**DATA IN THIS EXERCISE**
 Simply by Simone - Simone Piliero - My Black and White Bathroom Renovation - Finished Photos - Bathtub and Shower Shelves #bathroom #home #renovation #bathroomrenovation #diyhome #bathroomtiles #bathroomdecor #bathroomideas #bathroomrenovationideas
...
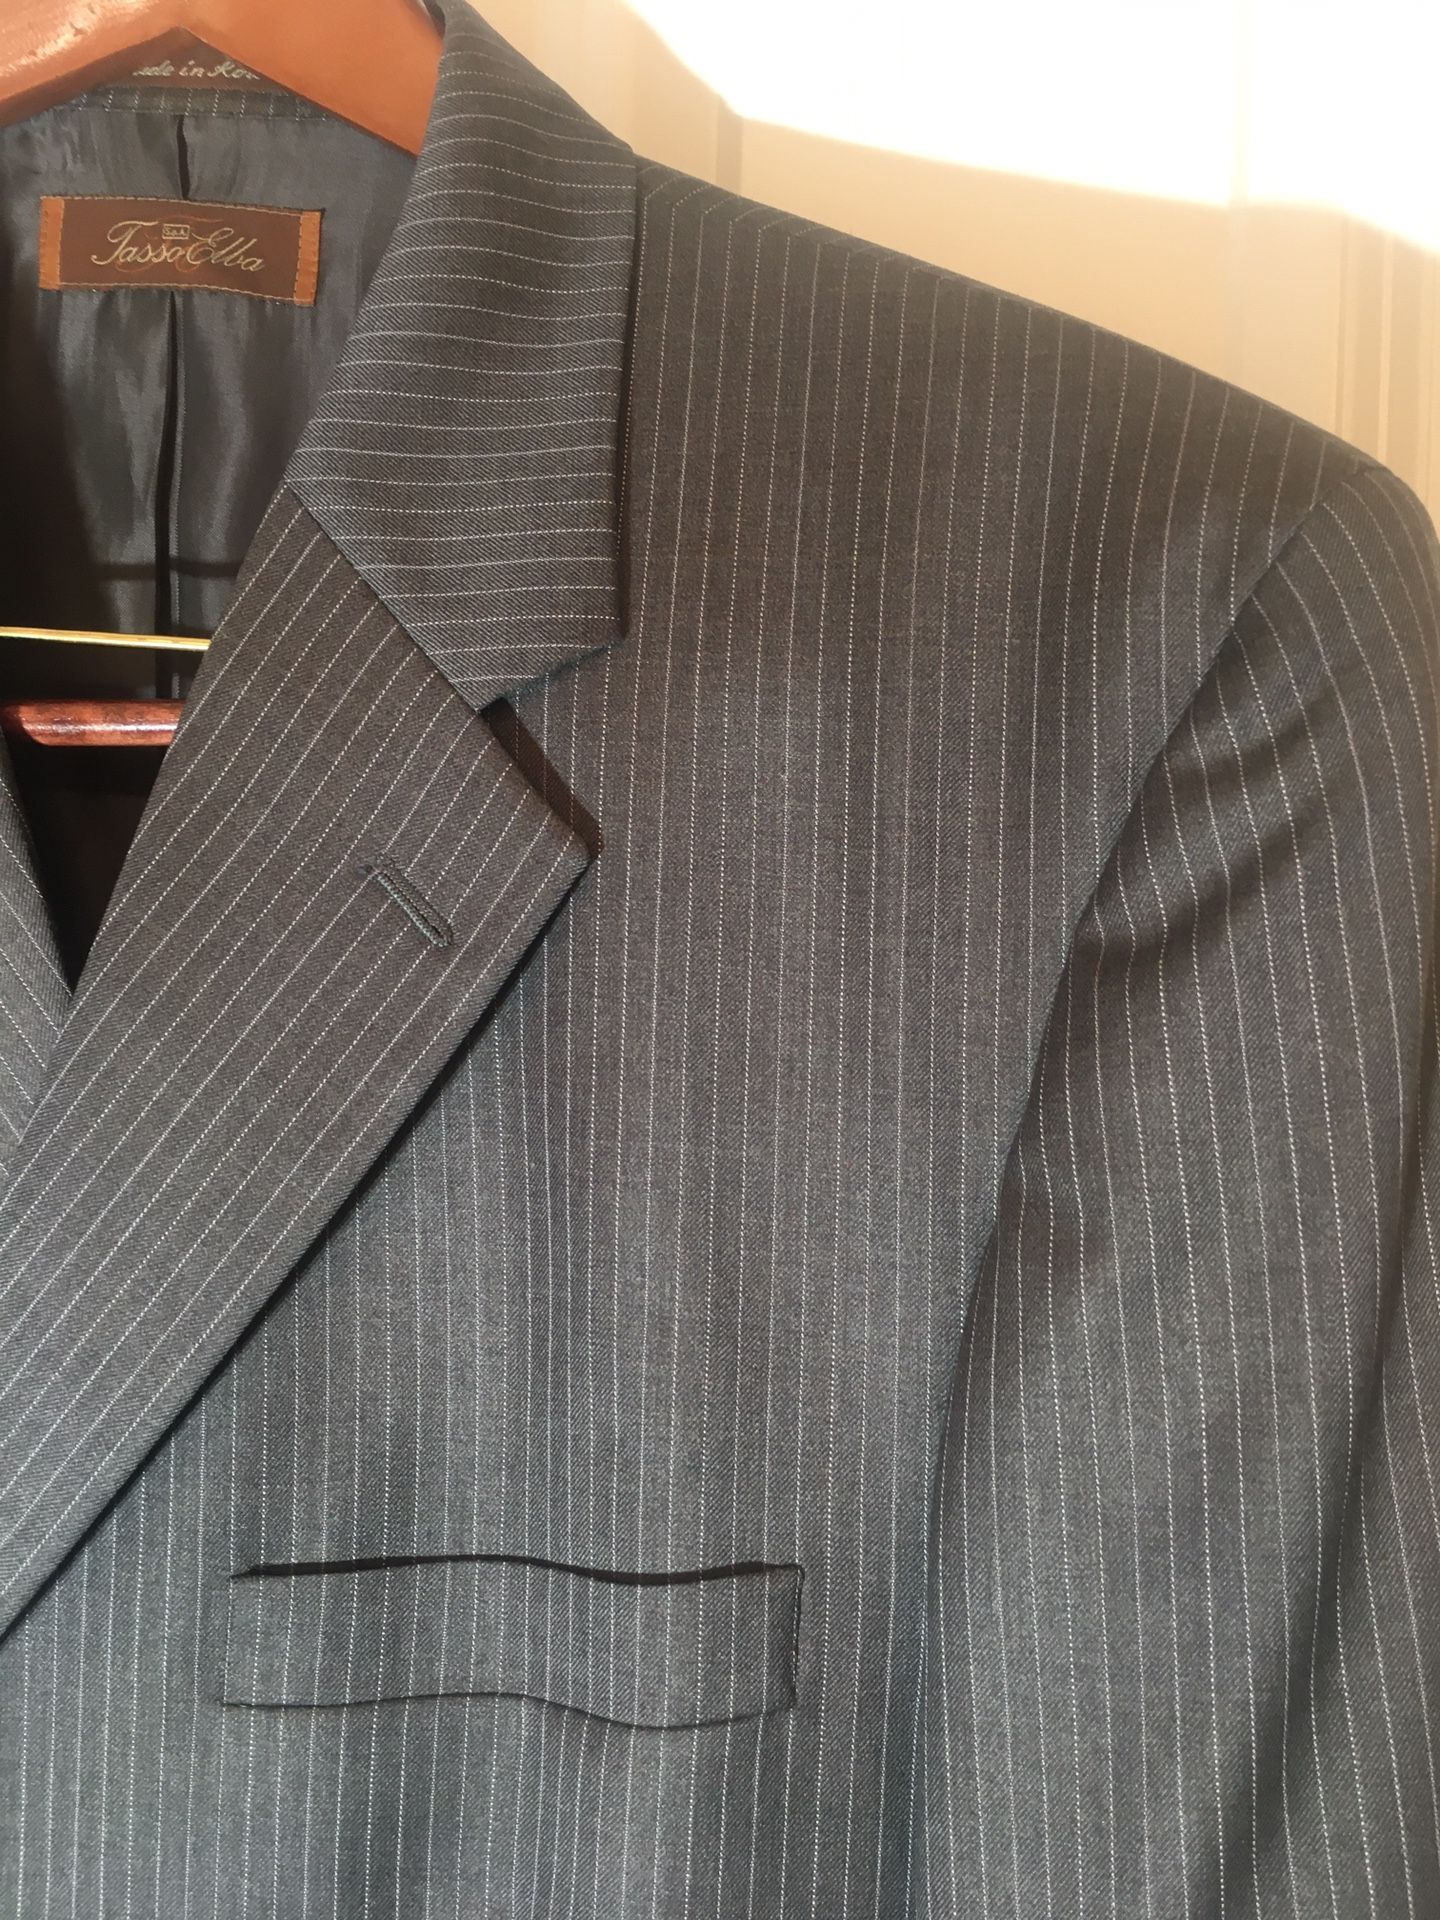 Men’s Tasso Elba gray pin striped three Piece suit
--
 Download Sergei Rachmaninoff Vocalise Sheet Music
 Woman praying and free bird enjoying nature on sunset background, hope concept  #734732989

**THE TASK**
Reproduce exactly the lines of the records above from the one with "Download Sergei Rachmaninoff" to the one with "Woman praying and", both included, and leave out everything else.

**RESPONSE TO THIS EXERCISE**
 Download Sergei Rachmaninoff Vocalise Sheet Music
 Woman praying and free bird enjoying nature on sunset background, hope concept  #734732989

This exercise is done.